Traditionally, sales reps would use a Territory Management tool to visit the right stores, scan the shelves using an Image Recognition solution on their devices, and then the data syncs with their Sales Force Automation for FMCG system. From there, the data could be used by other tools within their AI-Driven EcoSystem, such as Trade Promotion Management or Distributor Management systems. Image Recognition worked well in that setup, but still relied on physical visits.
Now that IoT has become routine and eCommerce platforms are more common, Image Recognition can function in a completely new way – remotely.
For example, instead of waiting for sales reps, store staff can perform their own shelf audits by simply capturing images with a mobile app.

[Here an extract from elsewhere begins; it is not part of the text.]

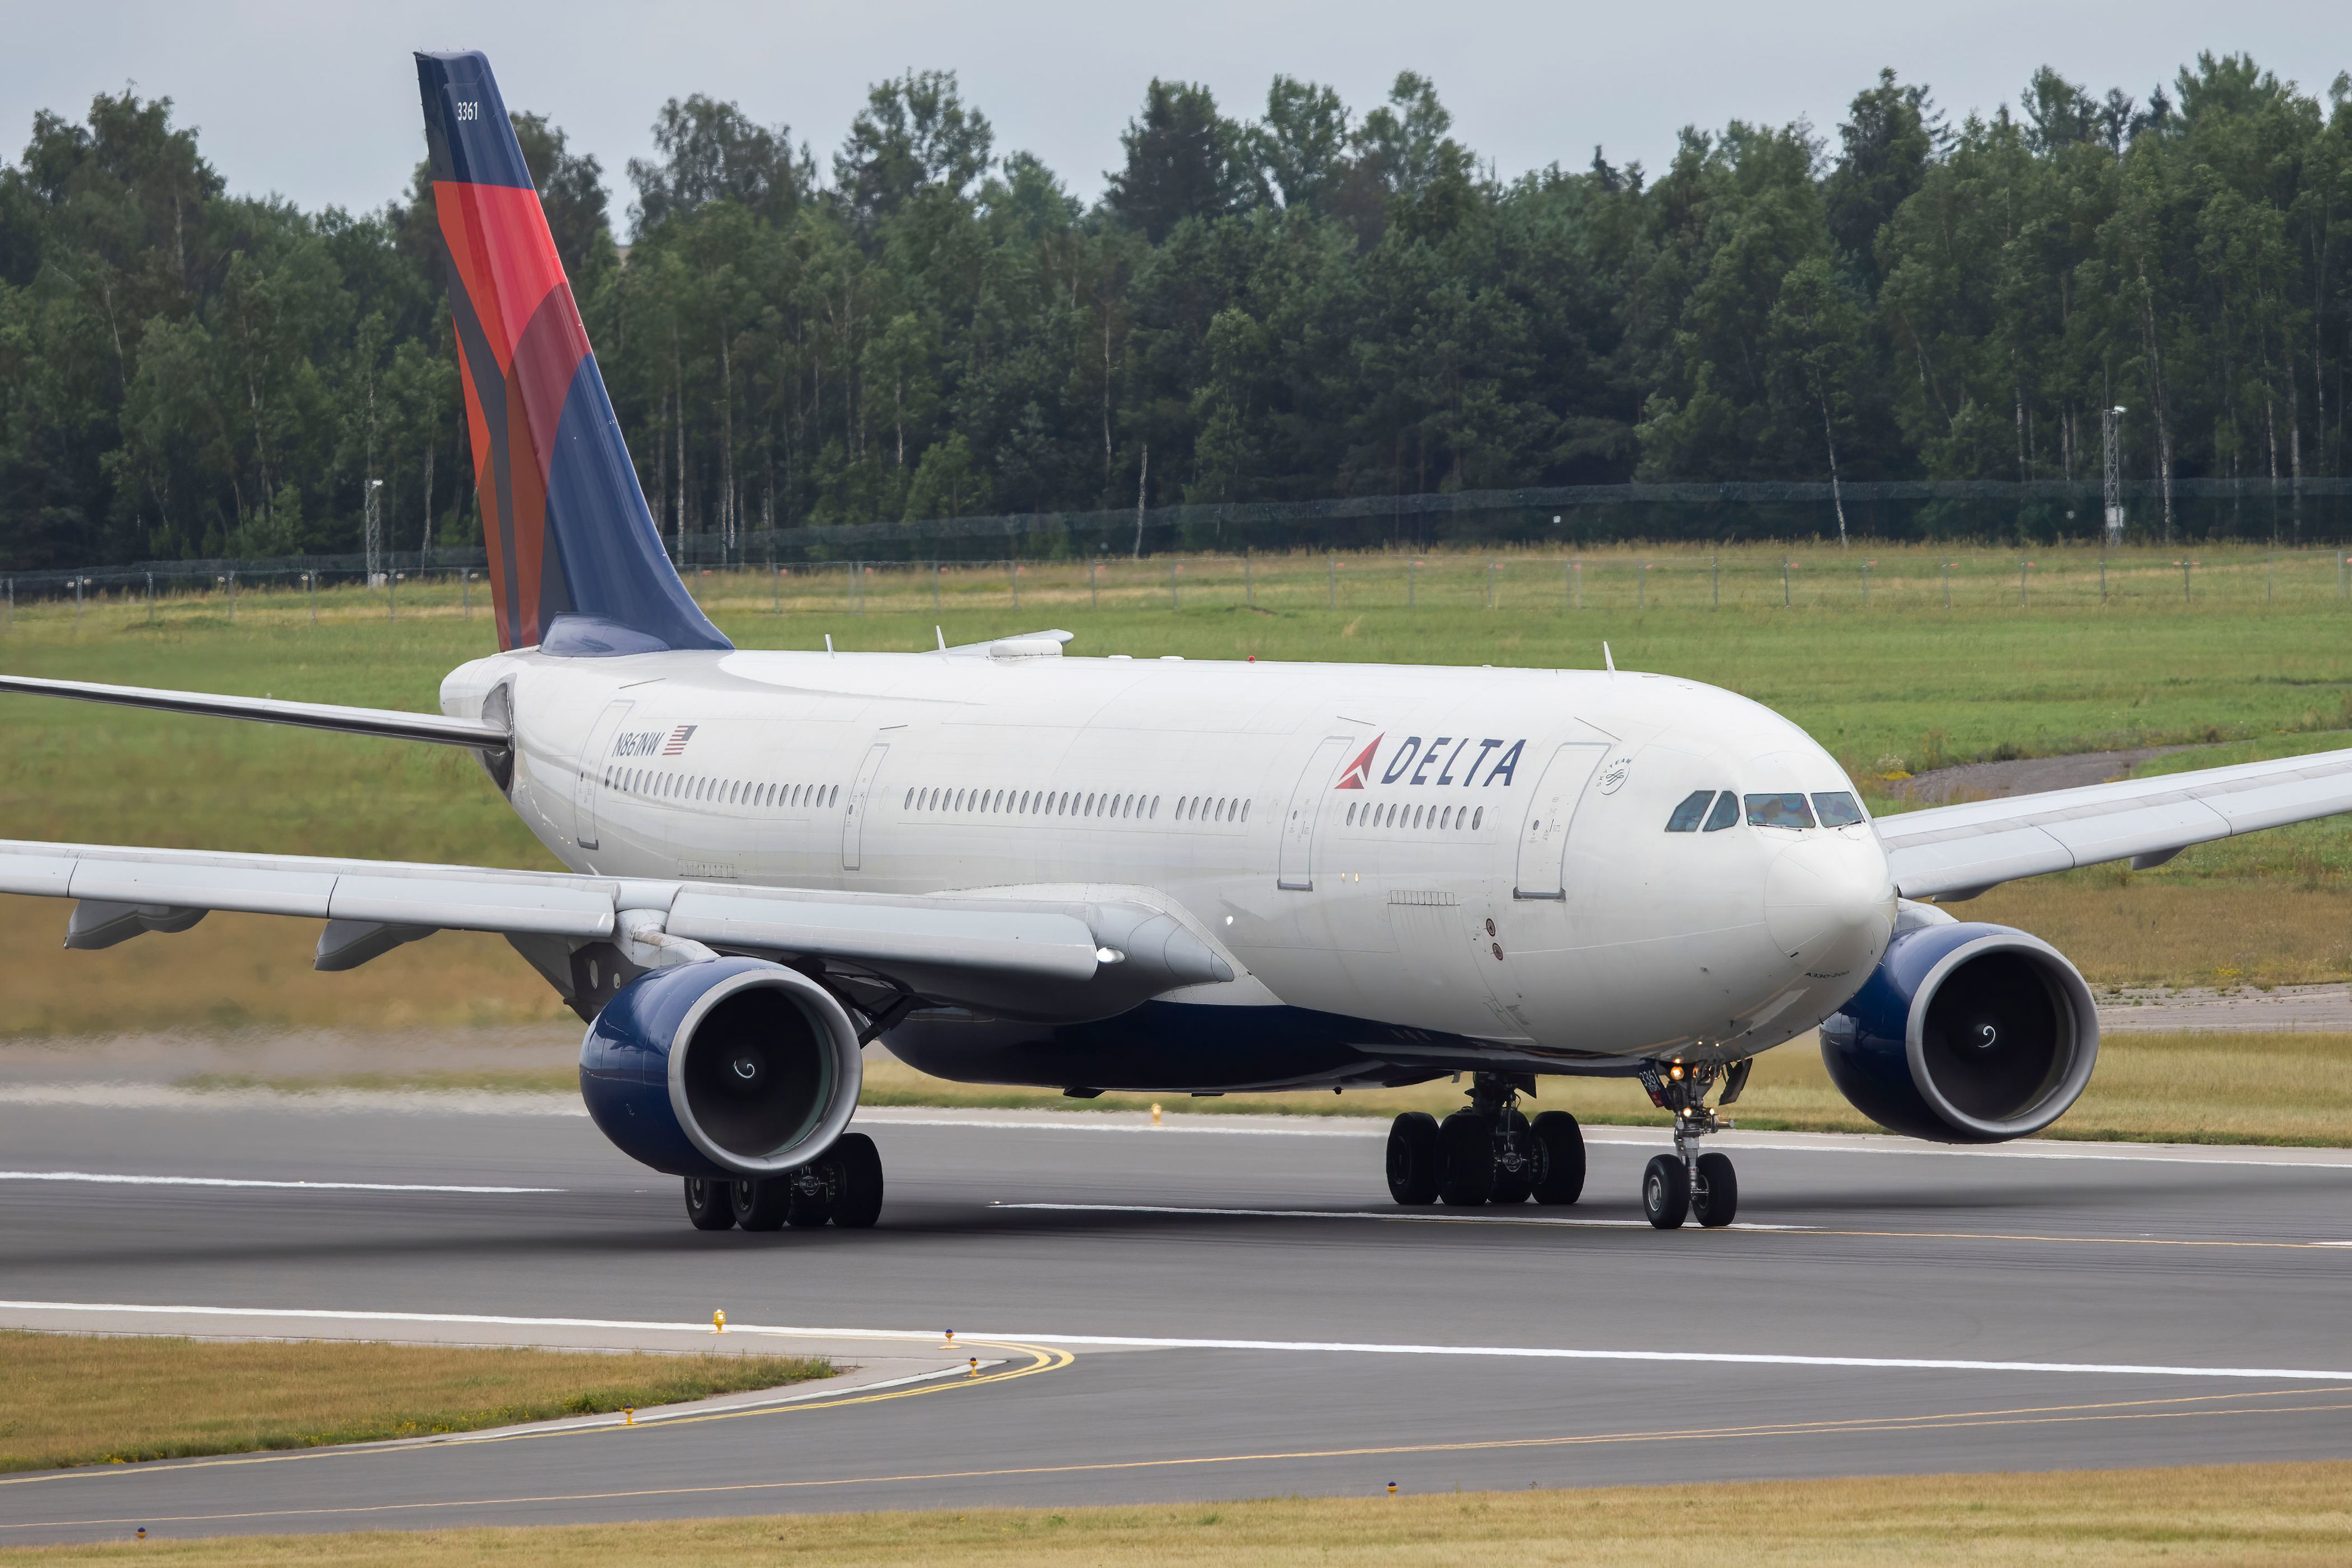 runway lights were “not working” during delta air lines airbus a330-200 emergency landing in syracuse

Those images are automatically transmitted from the Image Recognition solution to the eCommerce platform and then to the SFA. This way, insights like shelf share, out-of-stocks, and compliance issues are instantly fed into the brand’s internal systems.
This remote approach is a complete win-win: the manufacturer minimizes issues with retail execution and out-of-stock situations, while the retailer receives bonuses from the supplier for meeting the standards.
In another case, smart cameras, for example, installed in fridges or shelves, can take photos every few seconds. The IR analyzes these images in real time, identifying stock levels, misplaced items, or even competitor products. The results are seamlessly pushed to the eCommerce platform, triggering personalized alerts or auto-replenishment prompts.
Conclusion
Widespread use of B2B eCommerce platforms triggers some of the most critical shifts in the FMCG Route to Market.
The three shifts outlined here highlight a clear path forward: brand collaboration through marketplaces, improved personalization with AI, and automated in-store execution without countless visits.
Adapt these innovations early and you’ll streamline the FMCG Route to Market process, deepen customer partnerships, and unlock new revenue streams.